It looks like Optional[float] and Optional[int] are rejected now, though.

Turns out that this is difficult to handle. The type analysis converts explicit type references like cython.int to c_int_type, and it does the same for int, because it lacks the context whether C types are expected here. Thus, Optional[int] (which is ok and 'obviously' refers to a Python int) and Optional[cython.int] (which should be rejected) look really the same and cannot easily be distinguished. I think we might have to reject C types with Optional[] at an earlier stage, so that the type declaration stages can rely on valid type declarations already (or at least don't have to second-guess what the type declaration looked like in actual code).

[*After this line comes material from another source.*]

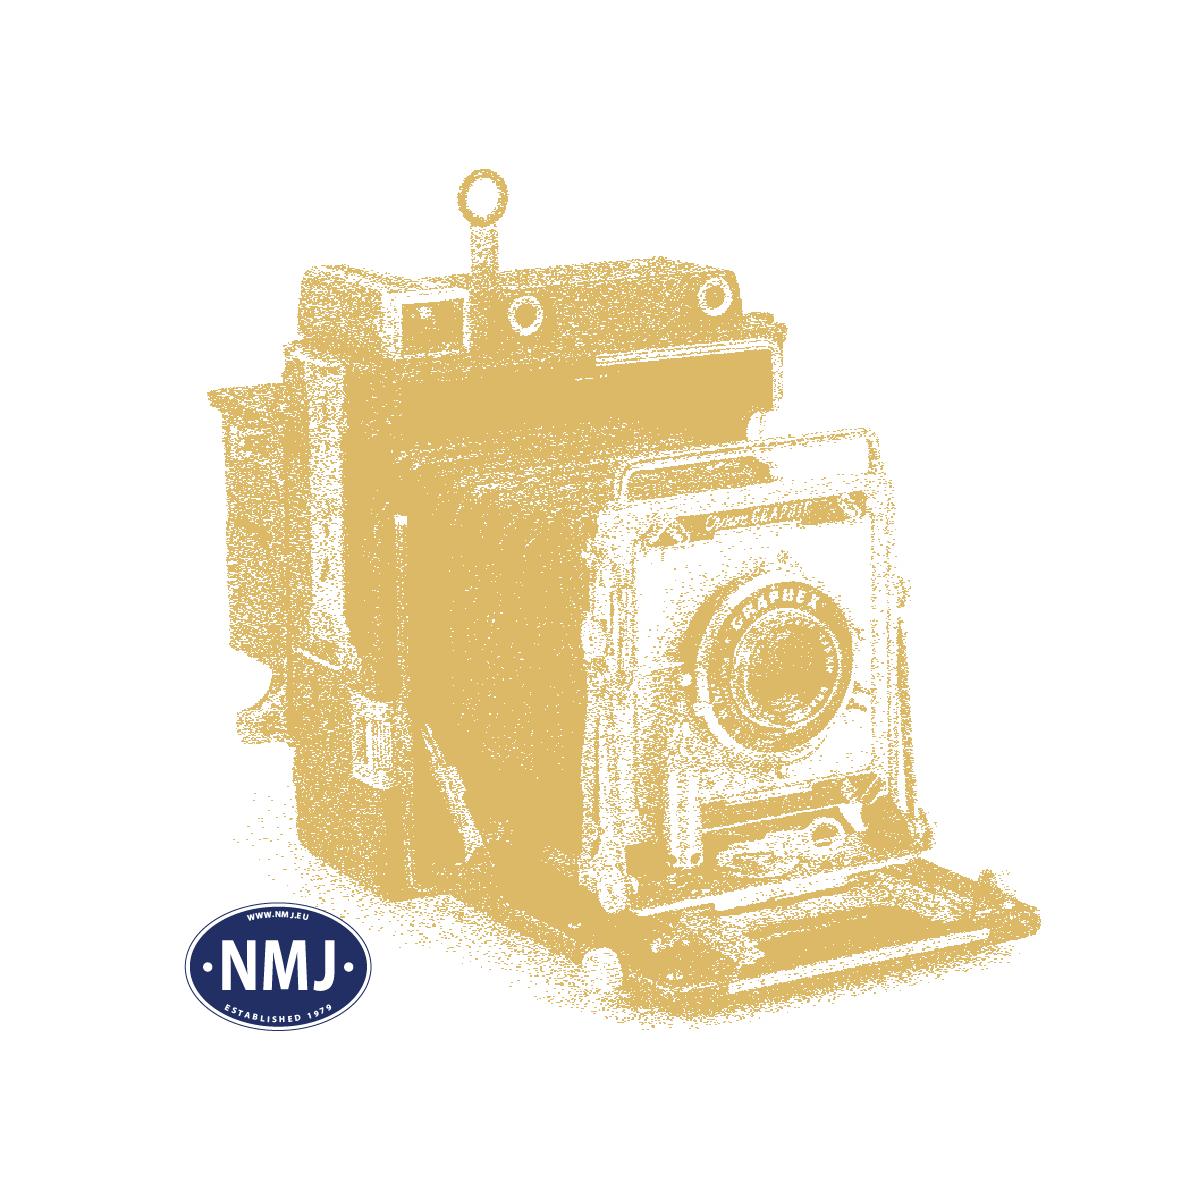 NMJ Topline MAV M61.005, AC Digital

scoder added a commit that referenced this issue Jan 30, 2022
… "Optional[int]" etc. interprets "int" as (valid) Python int type and not (invalid) C int type.

See #3883
@scoder
Copy link
Contributor Author

scoder commented Jan 30, 2022

I looked into the test failures that I introduced in the master branch (sorry for that) and one of the issues is this test:

x: typing.Tuple[int, float] = (a[0], a[1])
y: Tuple[int, ...] = (1,2.)
z = a[0] # should infer to int

As you can see, it assumes that x: Tuple[int, float] refers to a tuple of C int, C float. This is a wrong assumption. It sees a Python type declaration and should infer (Python int, Python float) instead (or C double, for that matter). Otherwise, it would incorrectly constrain the value range of the first tuple item, if this comes in from Python code.

I've reverted my changes in master and will see how I can fix this up in a separate branch.

@da-woods
Copy link
Contributor

It was definitely my intent that typing.Tuple should be able to produce C-tuples (and I think this is a reasonable thing to do).

I think here it shouldn't though, because it should require cython.int and cython.float? Sorry about that... I probably should have spotted this.

@da-woods
Copy link
Contributor

So my view: AnnotationNode.analyse_type_annotation seems to have a specific workaround for int/long/float which applies directly to the annotation.

if annotation.is_name and not annotation.cython_attribute and annotation.name in ('int', 'long', 'float'):

These subscripted types can end up with fairly deeply nested types, which we want to detect these in. That suggests we'd be better passing an safe_annotation_typing flag to analyse_as_type and then using that flag to decide what types to keep, rather than doing it all in the method of AnnotationNode?

@scoder
Copy link
Contributor Author

scoder commented Jan 30, 2022

Yes, nesting is an issue, but also e.g. cdef Set[int] x vs. x: Set[int]. In the first case, int is a C int, in the second, it needs to be a Python int.

scoder added a commit to scoder/cython that referenced this issue Jan 31, 2022
… "Optional[int]" etc. interprets "int" as (valid) Python int type and not (invalid) C int type.

See cython#3883
scoder added a commit to scoder/cython that referenced this issue Jan 31, 2022
… "Optional[int]" etc. interprets "int" as (valid) Python int type and not (invalid) C int type.

See cython#3883
@jakirkham
Copy link
Contributor

Yes, nesting is an issue, but also e.g. cdef Set[int] x vs. x: Set[int]. In the first case, int is a C int, in the second, it needs to be a Python int.

How should these be handled in a .pyx/.pxd vs. a .py file?

@scoder
Copy link
Contributor Author

scoder commented Feb 2, 2022

Yes, nesting is an issue, but also e.g. cdef Set[int] x vs. x: Set[int]. In the first case, int is a C int, in the second, it needs to be a Python int.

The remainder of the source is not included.